While there exist different field emitter configurations, such as the needle, the capillary and slit emitter types, the principle of operation is the same in all cases. In the slit emitter, for example, a liquid metal propellant is fed by capillary forces through a narrow channel. The emitter consists of two identical halves made from stainless steel, and clamped or screwed together. A nickel layer, sputter deposited onto one of the emitter halves, outlines the desired channel contour and determines channel height (a.k.a. slit height, typically 1–2 μm) and channel width (a.k.a. slit length, which ranges from 1 mm up to about 7 cm). The channel ends at the emitter tip, formed by sharp edges that are located opposite a negative, or accelerator, electrode, and separated by a small gap (about 0.6 mm) from the emitter tip. An extraction voltage is applied between the two electrodes. The emitter carries a positive potential while the accelerator is at negative potential. The electric field being generated between the emitter and accelerator now acts on the liquid metal propellant.

The narrow slit width not only enables the capillary feed, but, when combined with the sharp channel edges directly opposite the accelerator, also ensures that a high electric field strength is obtained near the slit exit. The liquid metal column, when subjected to this electric field, begins to deform, forming cusps (Taylor cones), which protrude from the surface of the liquid. As the liquid cusps form ever sharper cones due to the action of the electric field, the local electric field strength near these cusps intensifies. Once a local electric field strength of about 10^{9} V/m is reached, electrons are ripped off the metal atoms. These electrons are collected through the liquid metal column by the channel walls, and the positive ions are accelerated away from the liquid through a gap in the negative accelerator electrode by the same electric field that created them.

Slit emitters had been developed to increase the emitting area of the thruster in order to yield higher thrust levels and to avoid the irregular behaviour observed for single emitters.
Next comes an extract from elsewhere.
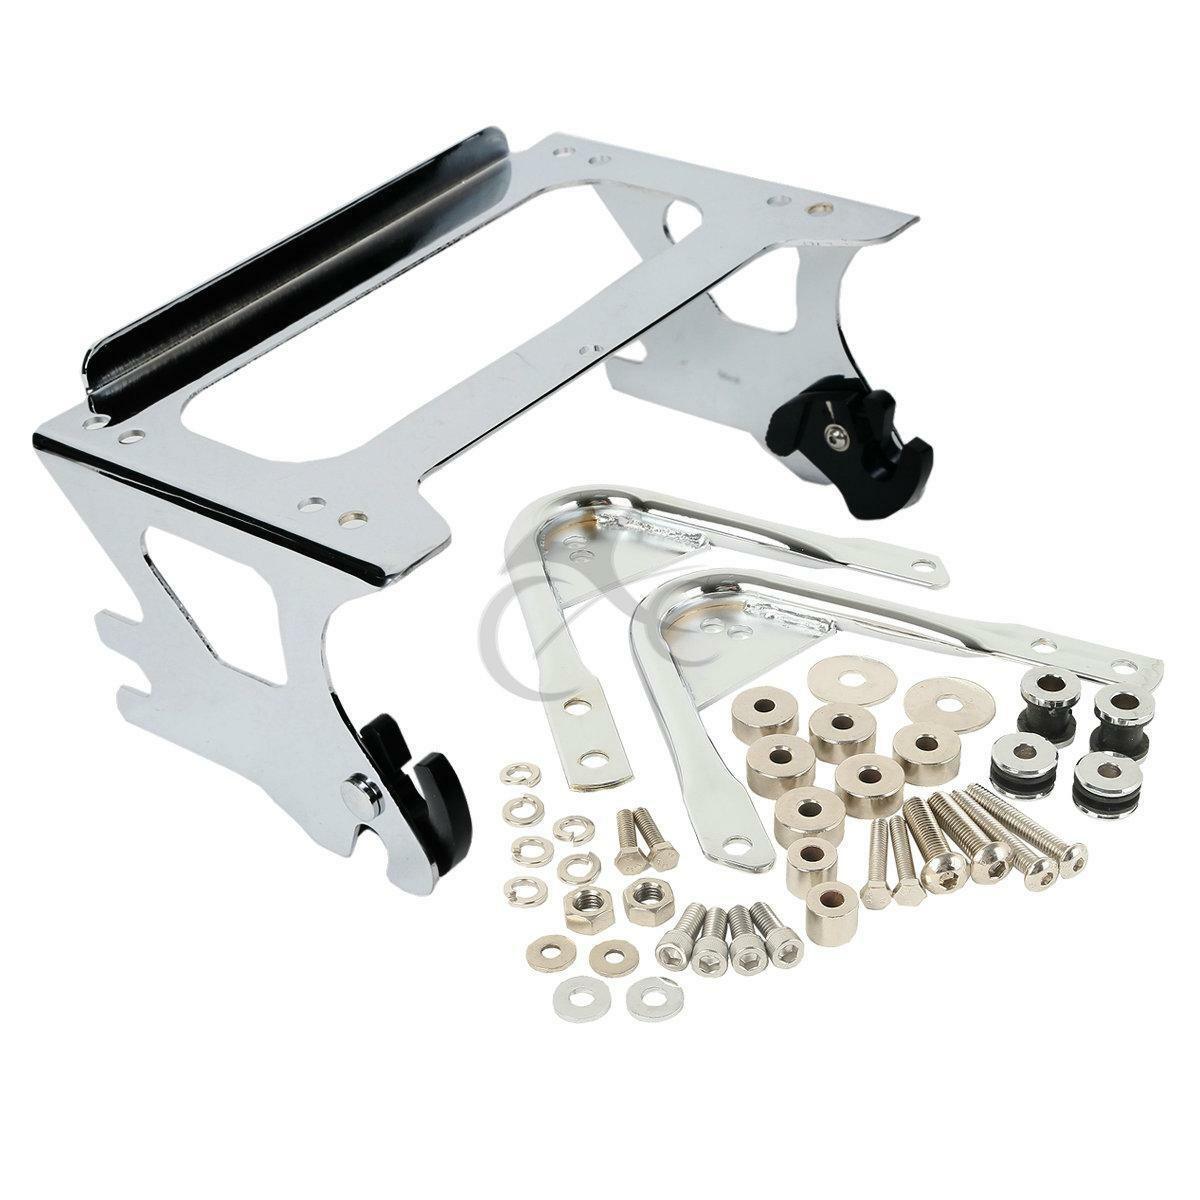 Pack Luggage Rack & Docking Hardware Fit For Harley Tour Pak Touring Glide 97-08 - Moto Life Products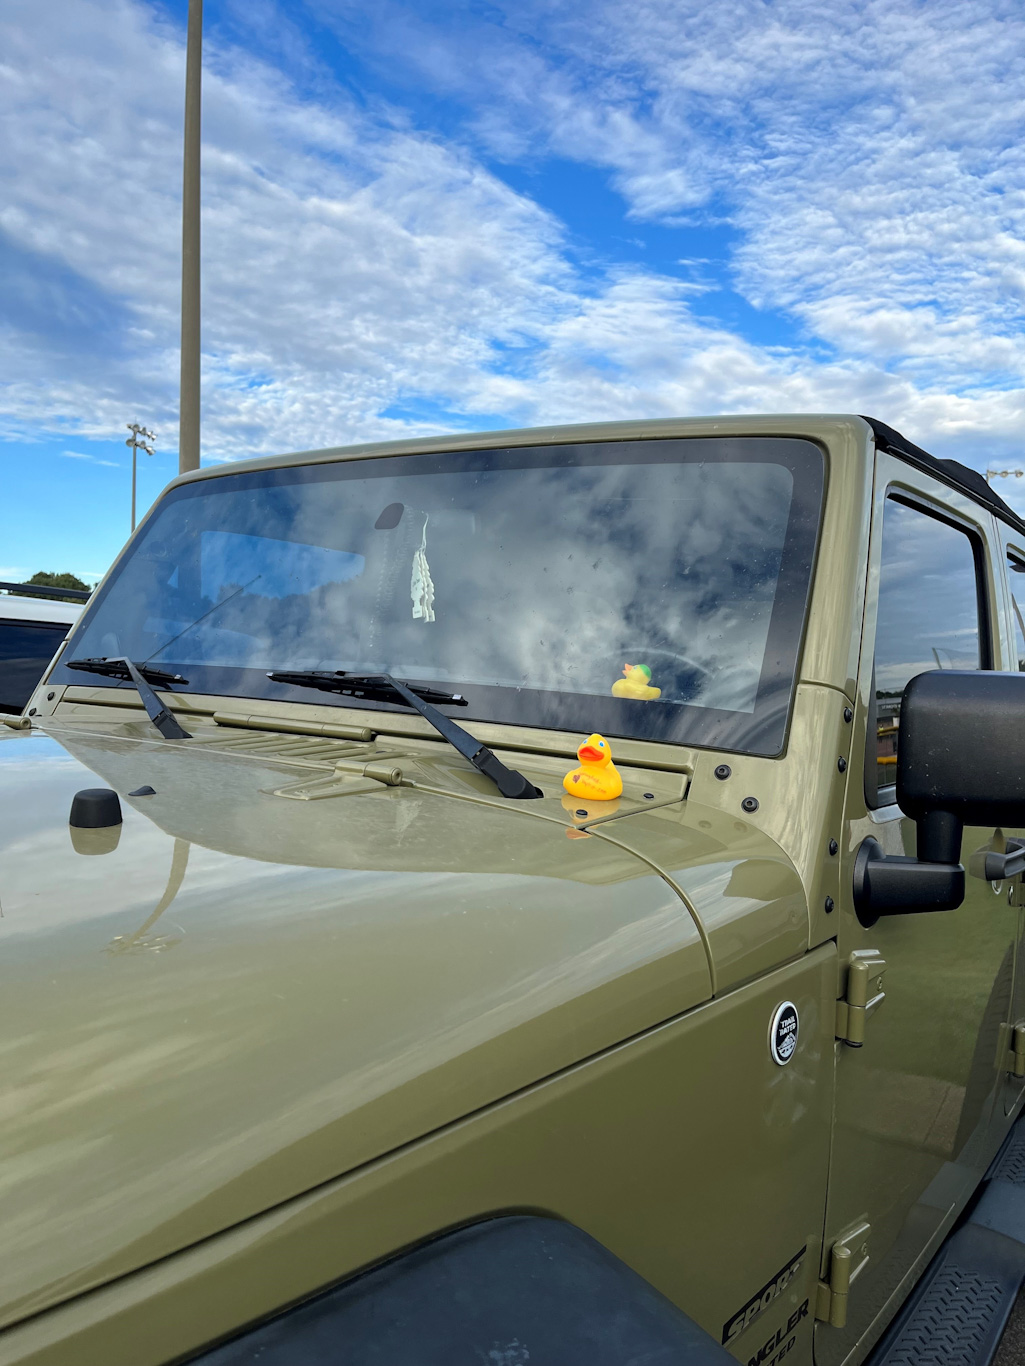 Duck planted on a jeep

The substantial advantage of slit emitters over stacked needles is in the self-adjusting mechanism governing the formation and redistribution of emission sites on the liquid metal surface according to the operating parameters; in a stacked-needle array, on the contrary, the Taylor cones can only exist on the fixed tips, which pre-configure a geometrical arrangement that can only be consistent with one particular operating condition.

==Other designs==
Slit emitters with a wide variety of slit widths have been fabricated; currently, devices with slit widths between 2 mm and 7 cm are available. These devices, spanning a thrust range from 0.1 μN to 2 mN, are operated with cesium or rubidium.

The miniaturized FEEP module design with a crown-shape emitter to fit into the standard CubeSat chassis was reported in 2017.

The single-emitter FEEP design of 0.5 mN is commercially available, and its arrayed version development is nearing completion as in 2018.